Collected data entries:

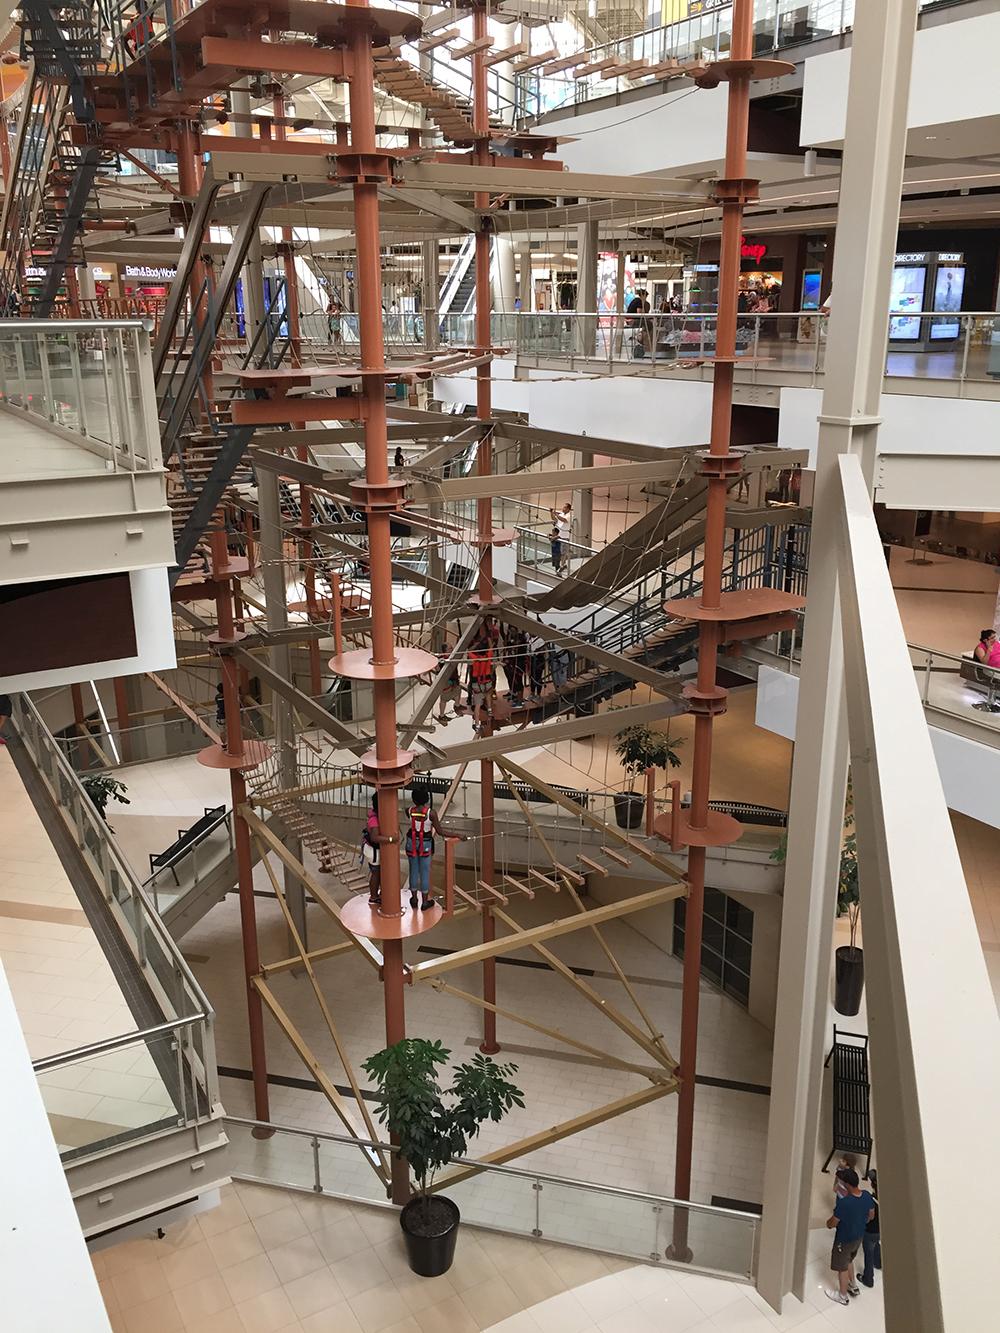 パラセイズ・センター内にある世界最大級の屋内クライミング施設です。まじ高い。
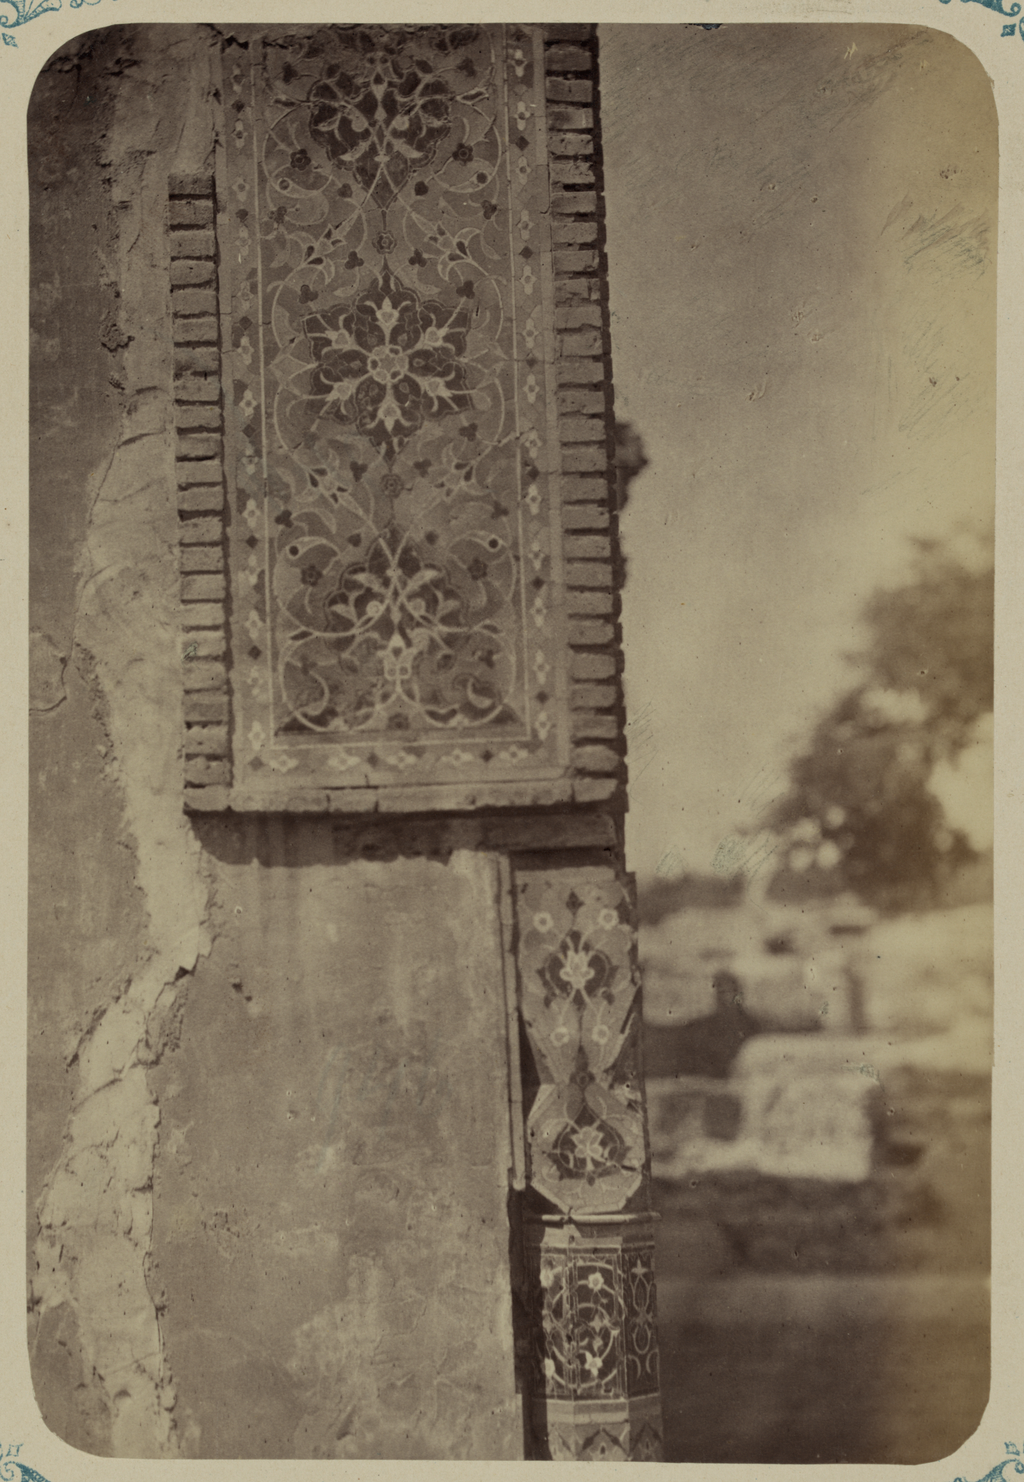 Мавзолей эмира Тимура Курагана (Гур-Эмир). Капитель колонны и часть отделки на северном фасаде
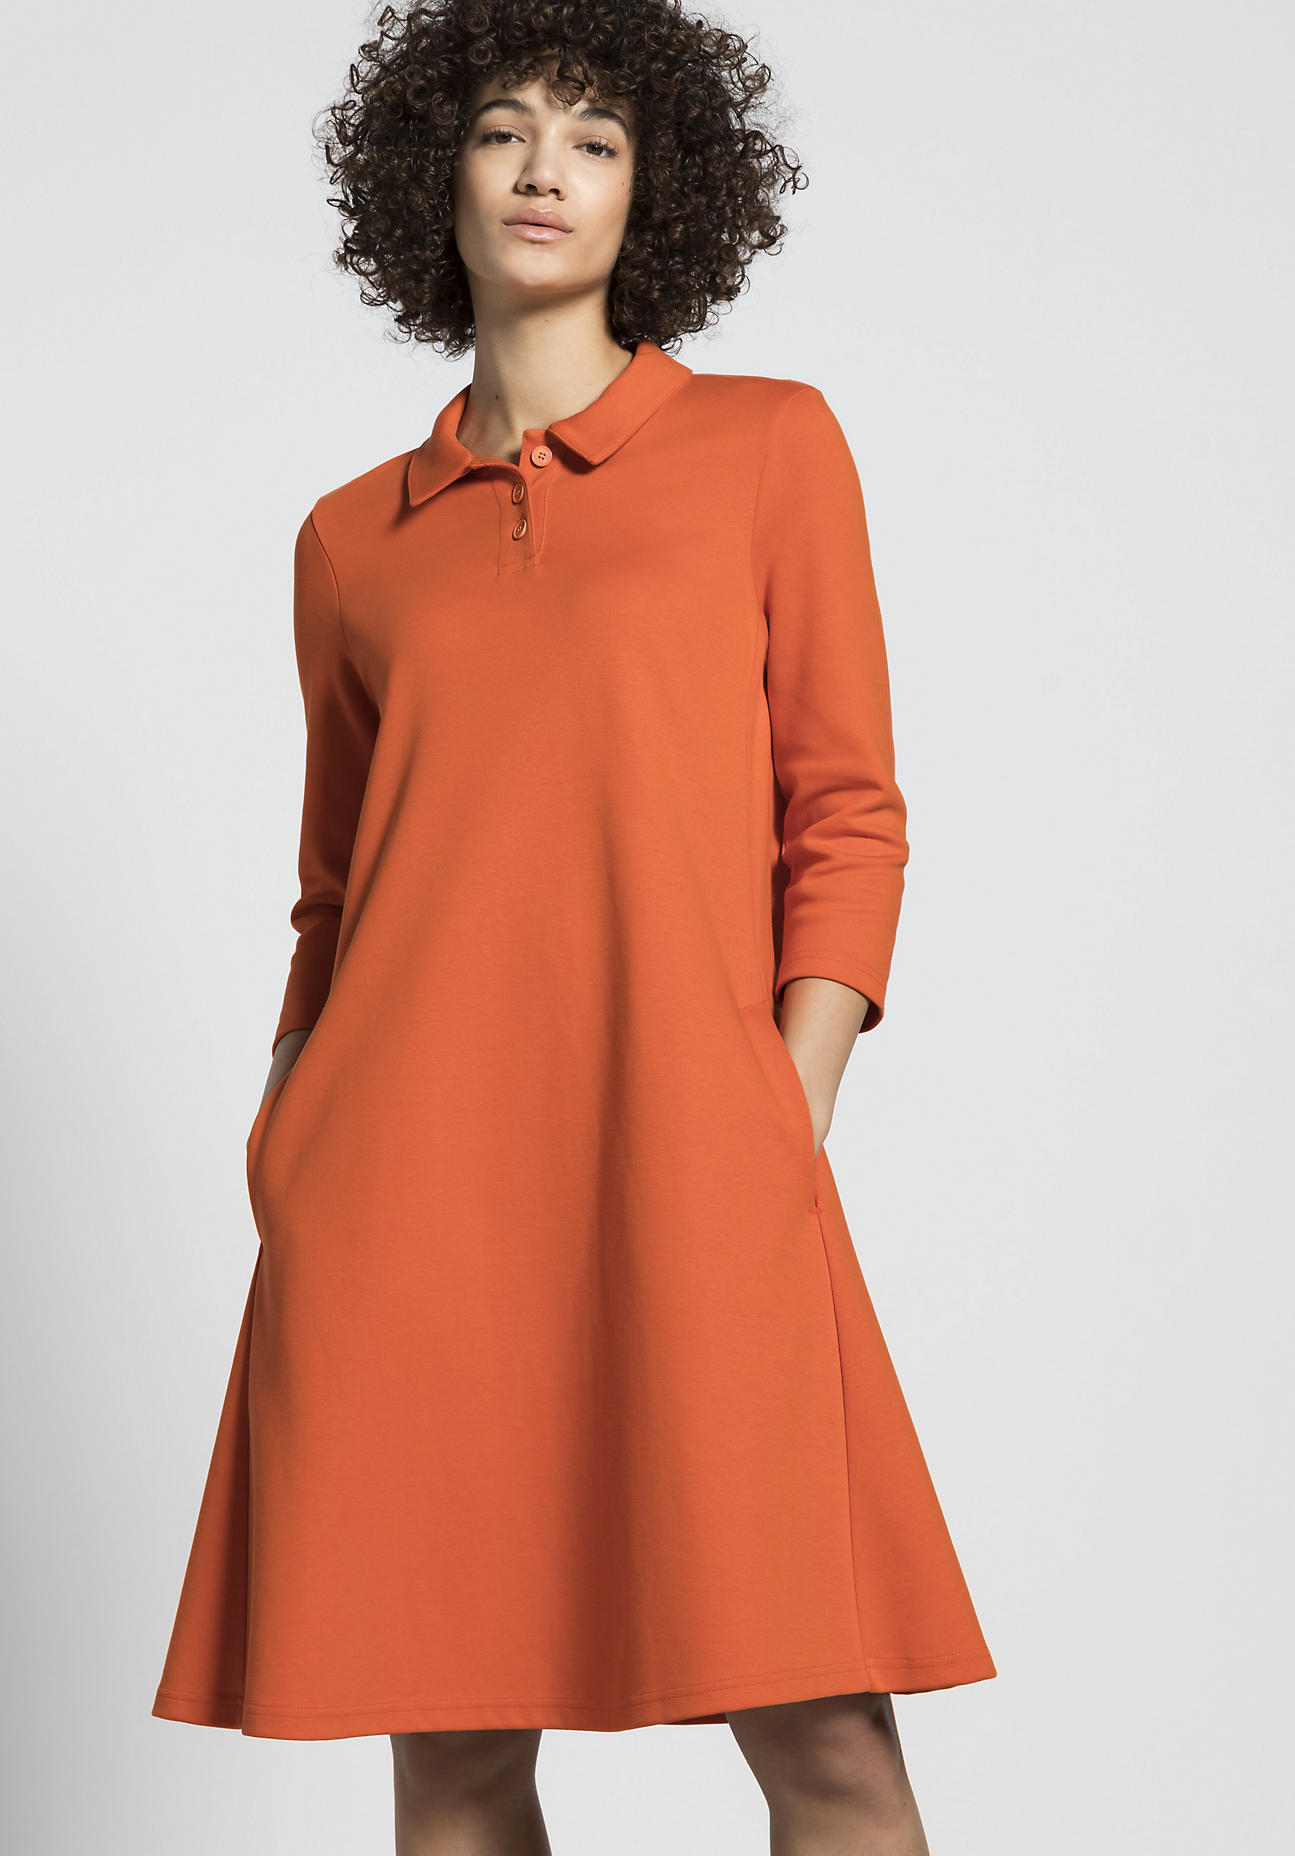 hessnatur Damen Polo-Kleid aus Bio-Baumwolle - orange Größe 34
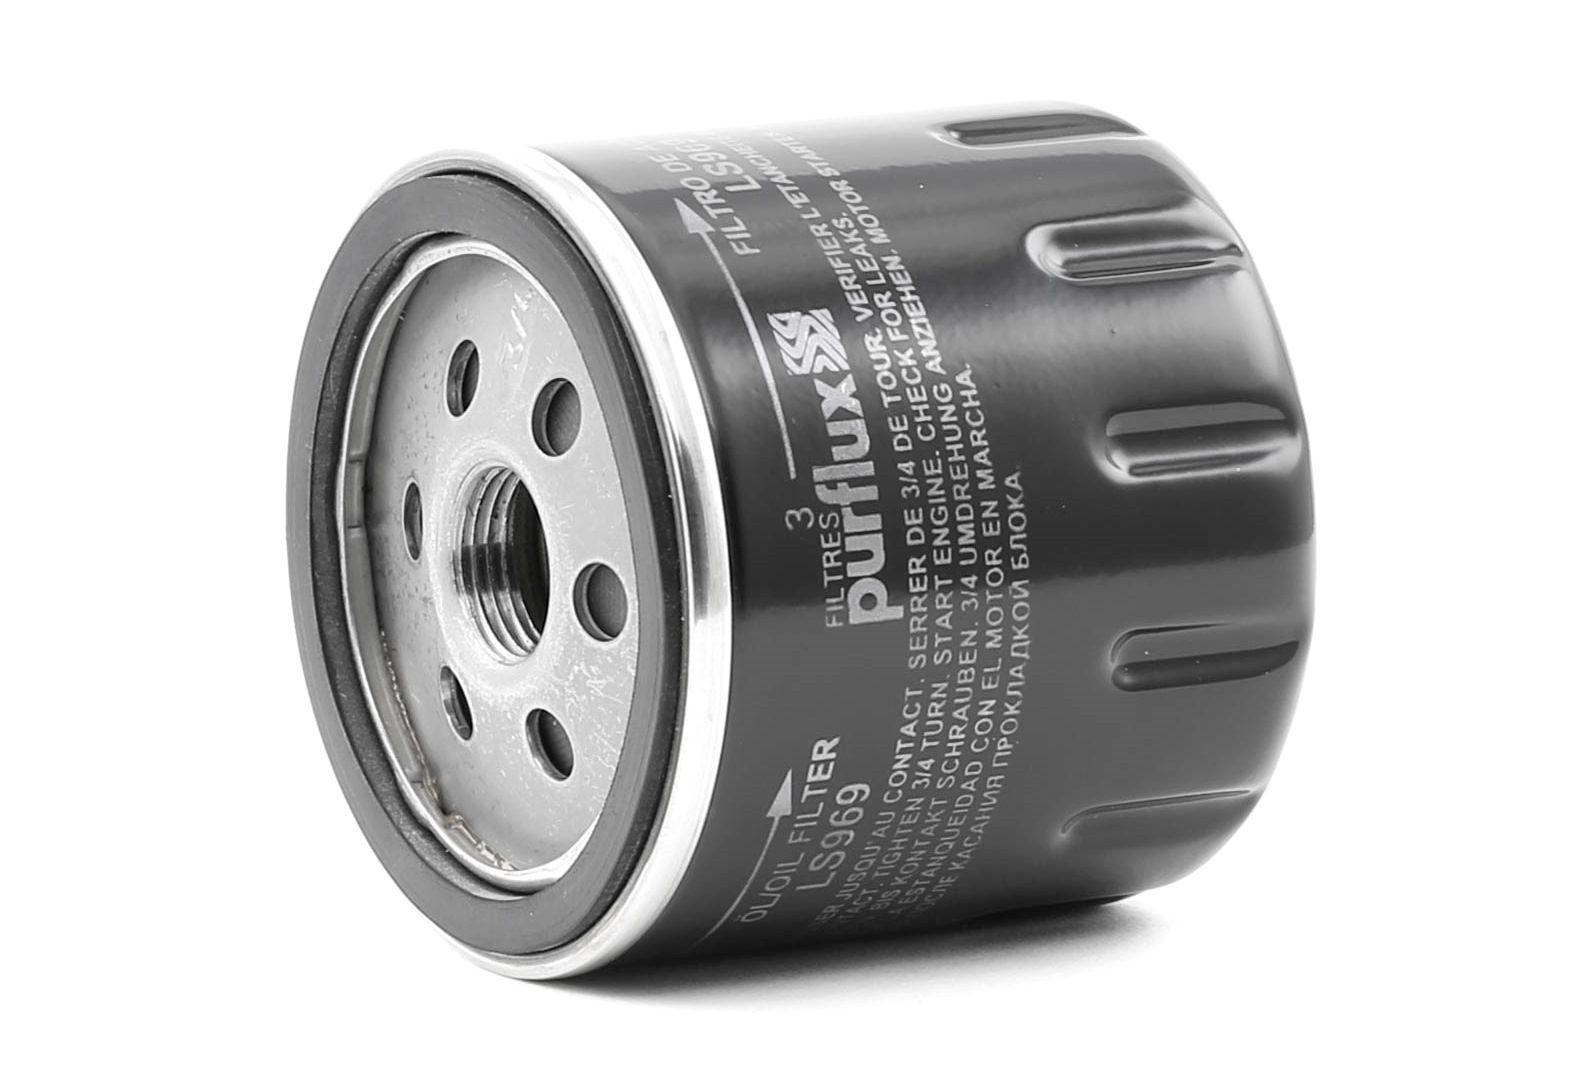 Achetez Filtre à huile PURFLUX LS969 (Ø: 78mm, Hauteur: 78mm) à un rapport qualité-prix exceptionnel
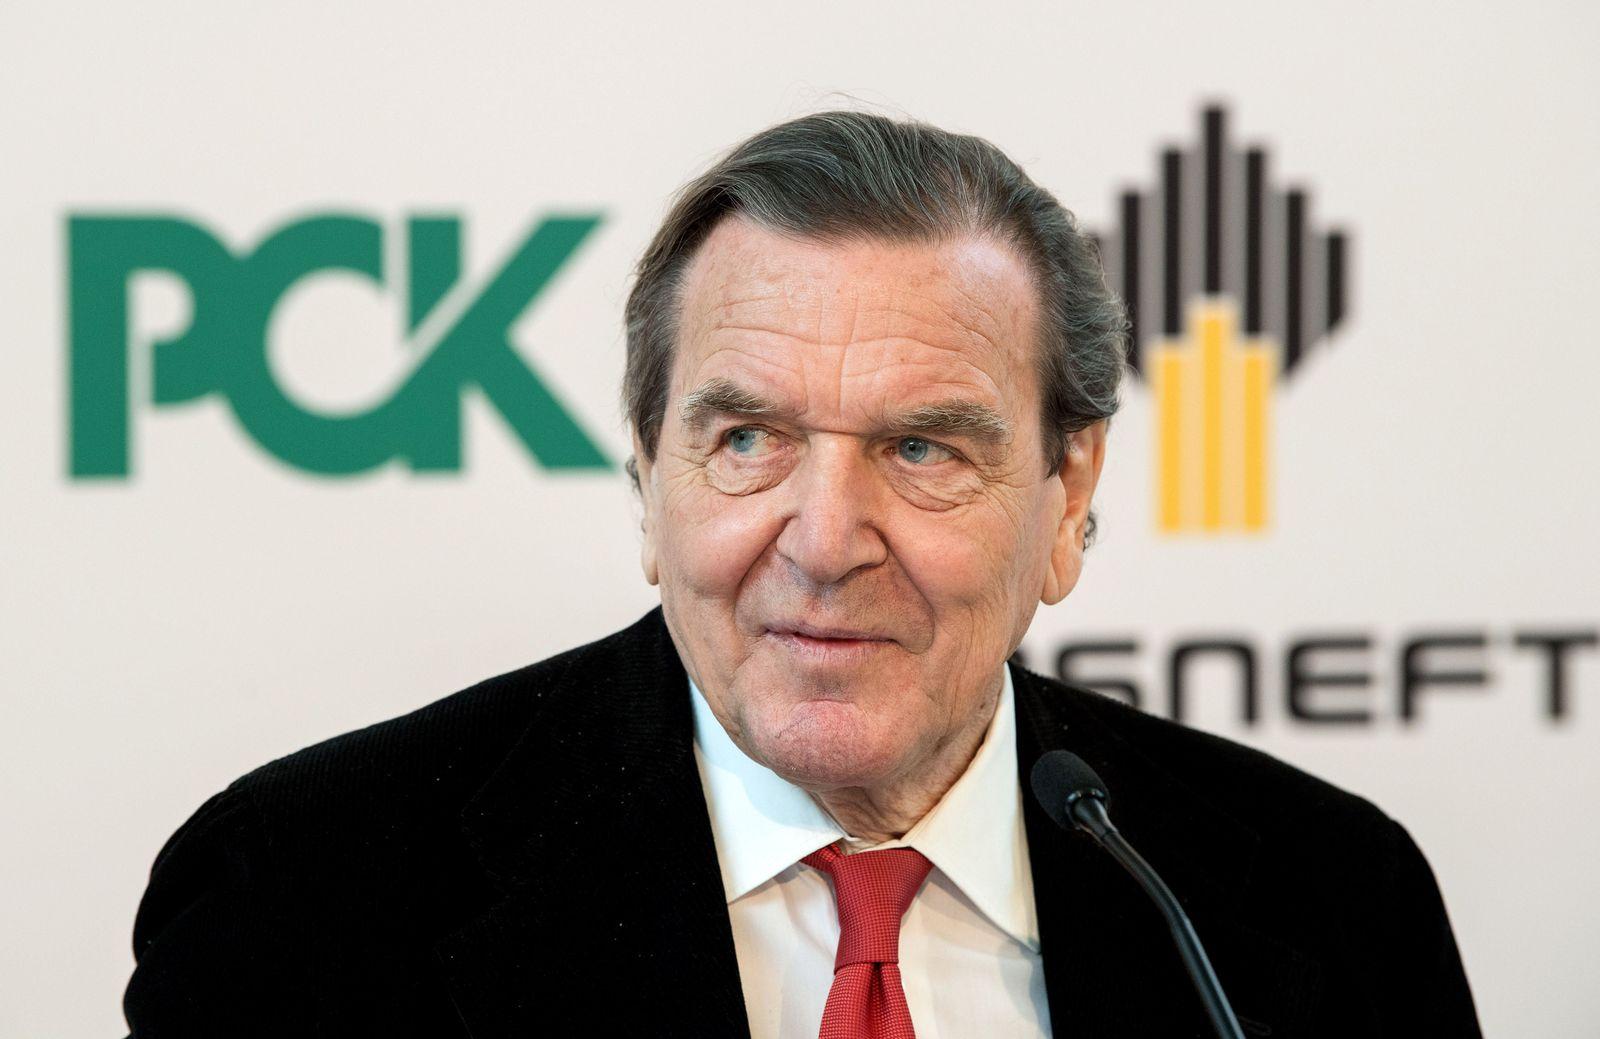 Politikveteranen/ Schröder

TASK OBJECTIVE:
Please return the lines from the line with "Achetez Filtre à" through the last line of the data, both included, exactly, and without pictures.

RESPONSE TO THIS TASK:
 Achetez Filtre à huile PURFLUX LS969 (Ø: 78mm, Hauteur: 78mm) à un rapport qualité-prix exceptionnel
 Politikveteranen/ Schröder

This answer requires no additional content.